I had a rough quarter. What made it rough wasn’t the workload (manageable most of the time), my assistantship (continues to be the favorite part of the program), or even my personal life, but instead it was my frame of mind. Everyone comes in to graduate school with expectations, and having been trained from an arts perspective, I know that your expectations can seriously affect your enjoyment. Graduate school hasn’t been meeting my expectations, which has been causing me some serious existential worry.

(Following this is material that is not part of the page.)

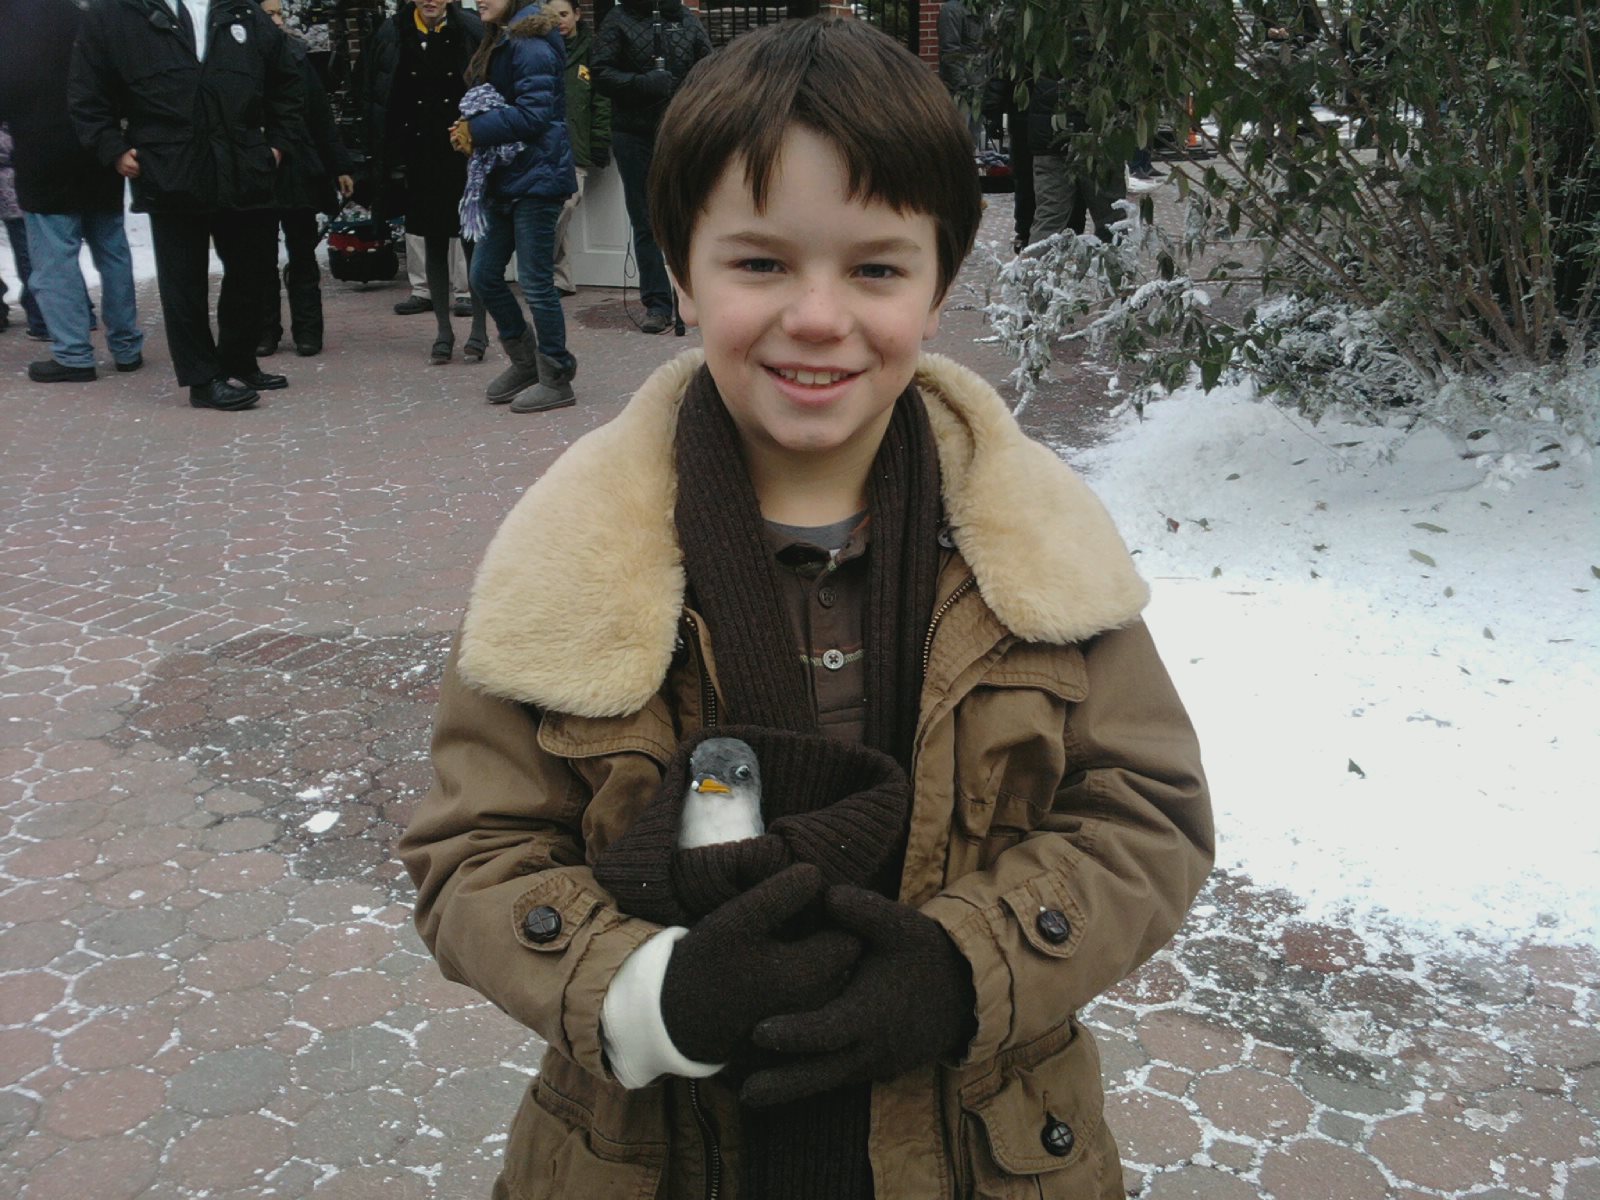 Maxwell on the set of Mr. Poppers Penguins

When I worked on the Preview Days video, I listened to twelve lovely individuals talk up our program. They talked about choosing Seattle University because it was the best place that fit, because it felt natural, because it felt fated. I tried to put those ideas in to the video. The problem was that I didn’t share hardly any of the views of the people I was interviewing. Out of the five schools I applied to, Seattle University was the only place I was accepted. The place I had the deepest connection was not Seattle University, but instead Oregon State University. But where my life was at the time, I wasn’t willing to wait another year to apply to OSU, and I had a better support network of undergraduate friends in Seattle, so I committed to SU because that’s who would take me. To me, it was a good second place school.

However, I still expected to like where I went to school, I expected to make life long friends with my cohort like I did in undergrad, I expected to spend a lot of time with people in my program, both in class and out of class, talking about the ways student affairs works, how the profession worked, what we wanted to do, really wrap our heads around our supposed life calling. Last quarter I gave myself some leeway because it was my first quarter, so I was allowed to be awkward, not make too many friends, and be absorbed in my assistantship. I told myself at the end of last quarter that I would be more intentional about making friendships and being engaged in my classes. Instead, this past quarter I found myself questioning if SU is the place for me, if student affairs is even the right career path. I was trained in arts. I was trained to create. I miss creating art, I miss it a lot. Student affairs is more service based, which can become monotonous for me.

After a lot of stewing about what specifically I didn’t like about the program and myself, I started reaching out to professors and peers about issues I was having. Reactions were diverse. Some said I was still adjusting, some empathized with my qualms, some suggested that maybe I wasn’t in the right program. I’ve thought a fair amount about that last one. Am I where I need to be? The thing is, I am still excited for parts of the program. I am excited to learn about theory this coming quarter. I am excited to go to Sweden in the summer. I am excited to participate in my internships. What I’m not excited about is continuing to participate in the program how I have been so far.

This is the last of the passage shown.